During the current fiscal year, hospitals are expected to pay the state approximately $556 million in taxes, while they will receive approximately $117 million back. (The original amount to be returned to hospitals was $165 million when the budget was adopted last year, but it was subsequently reduced.)
Connecticut Hospital Association CEO Jennifer Jackson said the organization would “vigorously fight” any new attempt to tax hospitals.
“We’ve been down this road before, with a budget gimmick that already resulted in more than $2 billion taxed and cut from hospitals,” she said. “The hospital tax has increased costs for patients, caused the loss of thousands of health care jobs, extended wait times, and reduced access to care for those who need it most.”
“Twice before, the state has promised us adequate funding for Medicaid services through the federal hospital tax program. Both times, that promise was broken,” Joseph, from Hartford HealthCare, said.
The association has challenged the hospital tax in court, and has also asked the federal government to declare that the state tax and Medicaid rates violate federal law.
There have been other proposals in recent years to require nonprofit hospitals to pay property taxes. Hospitals have objected, citing the burdens they already face from Medicaid rates and the state tax. They also say they provide significant benefit to their home communities, where they are among the largest employers.
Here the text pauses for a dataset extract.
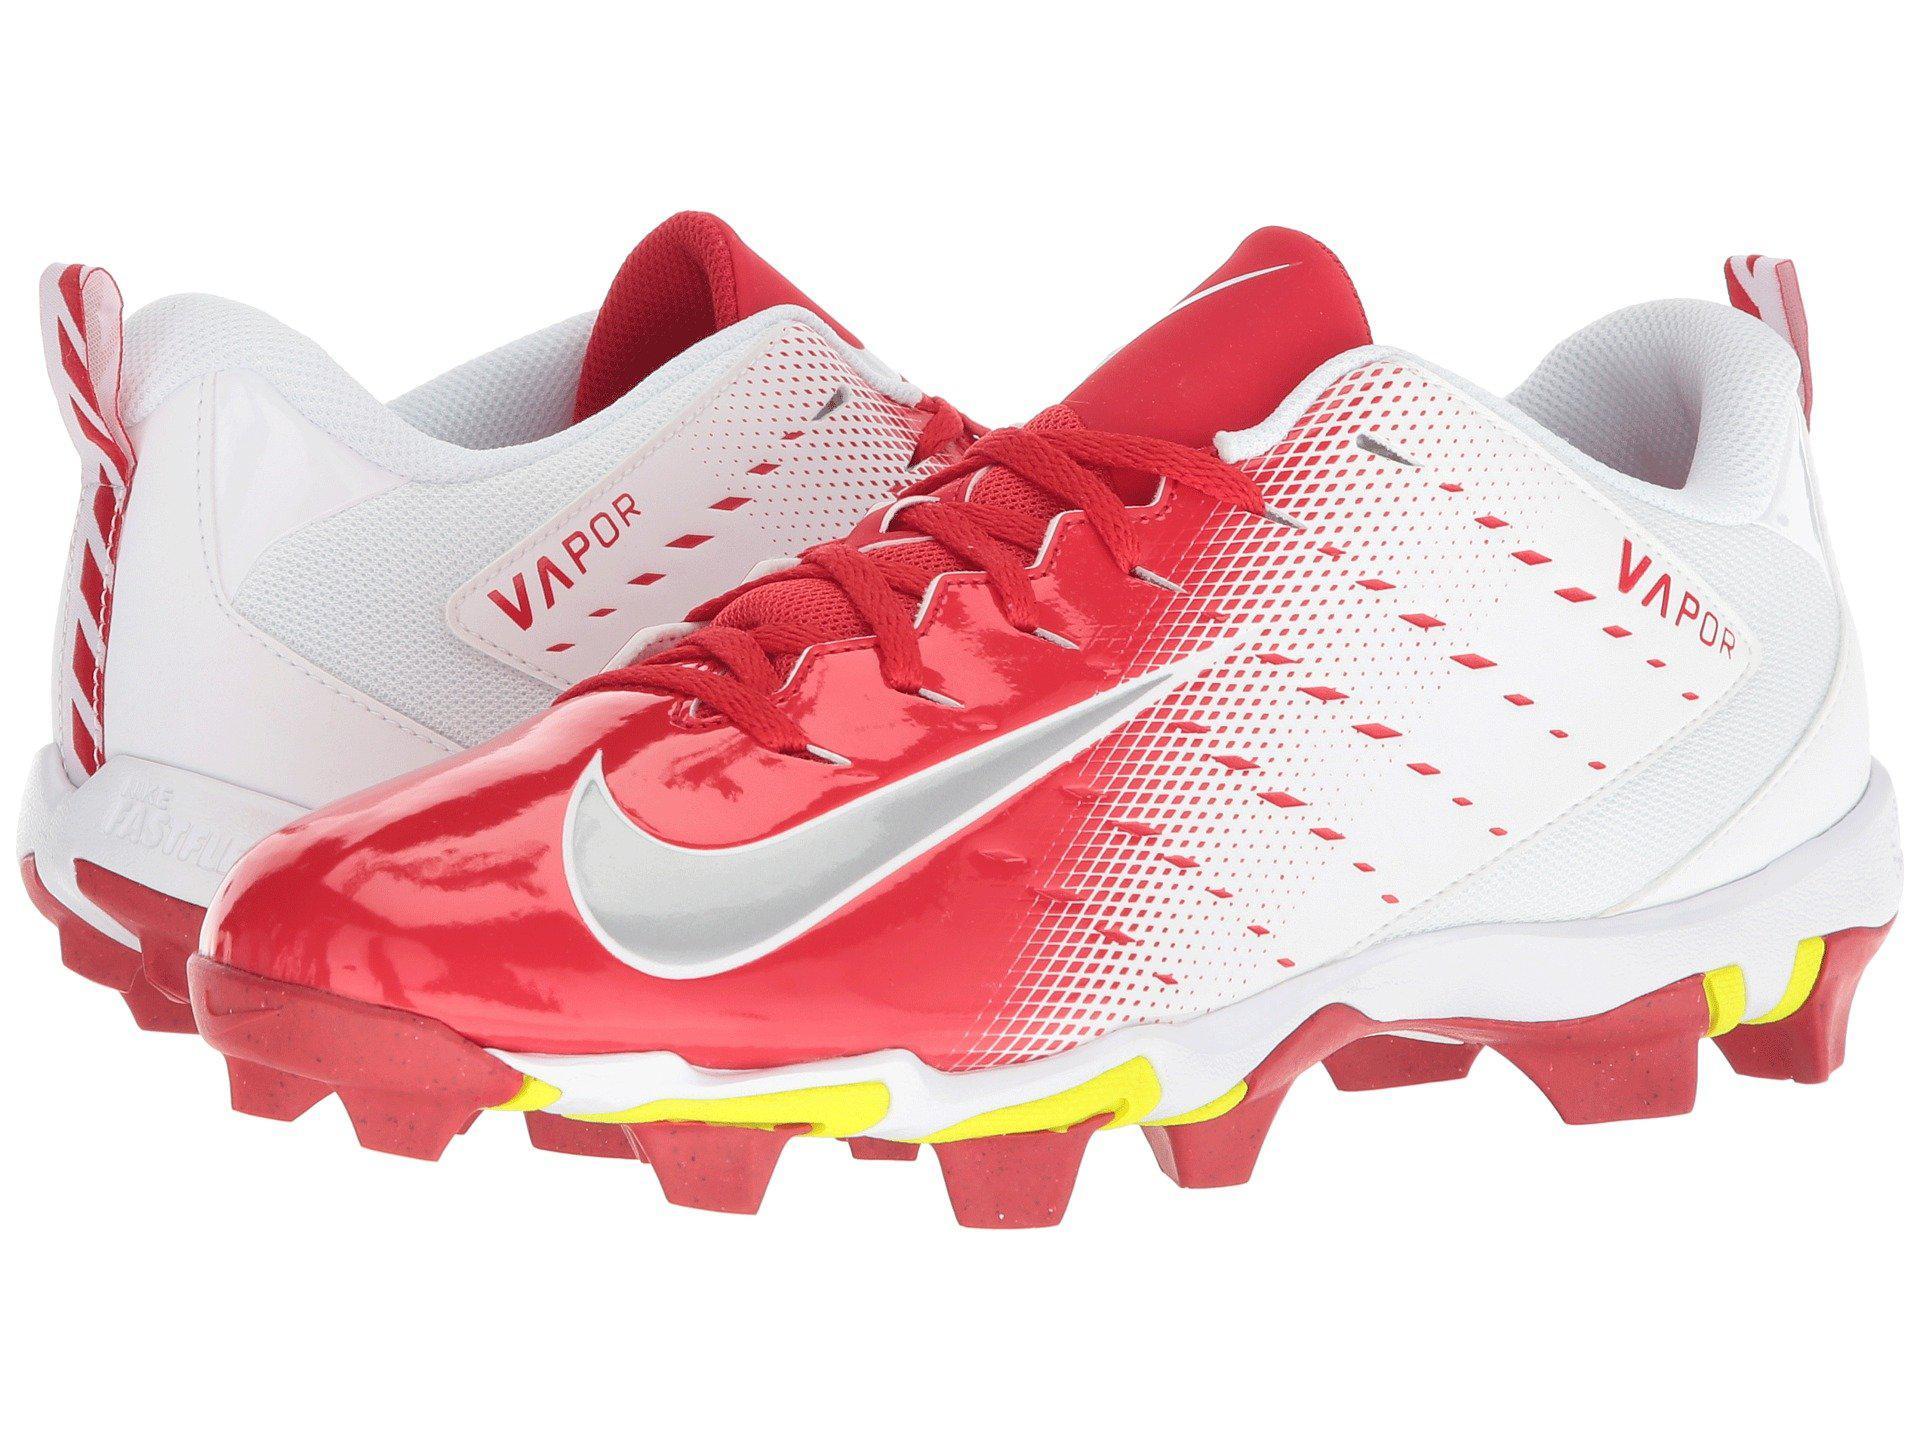 fab0b4070cd Nike Vapor Shark 3 in Red for Men - Lyst

Malloy’s proposal also would cut a pool of money that has provided funds to small independent hospitals. The cut would eliminate more than $11 million for hospitals, most of which comes from the federal government. It would save the state $3.9 million.
Separately, the administration proposed a change to the way hospital payments are recorded in the budget that could have implications for funding if the state faces shortfalls.
The governor has the authority to unilaterally cut certain line items by up to 5 percent. Until this year, the supplemental payments to hospitals were included in the $2.4 billion Medicaid account. Because that line item was so large, Malloy had authority to cut close to $120 million without legislative approval – and used it to cut funding to hospitals to address midyear shortfalls. The budget adopted last year changed that by creating a separate line item for the hospital supplemental funds, limiting how much the governor could cut on his own.
Malloy’s proposal calls for going back to the previous system, in which the supplemental funds would be included in the larger Medicaid account. In explaining the proposal, the administration wrote that having a separate line item required the state Department of Social Services to set up a new account, requiring “an additional layer of administrative complexity” to a process that is already difficult to operate with limited staff.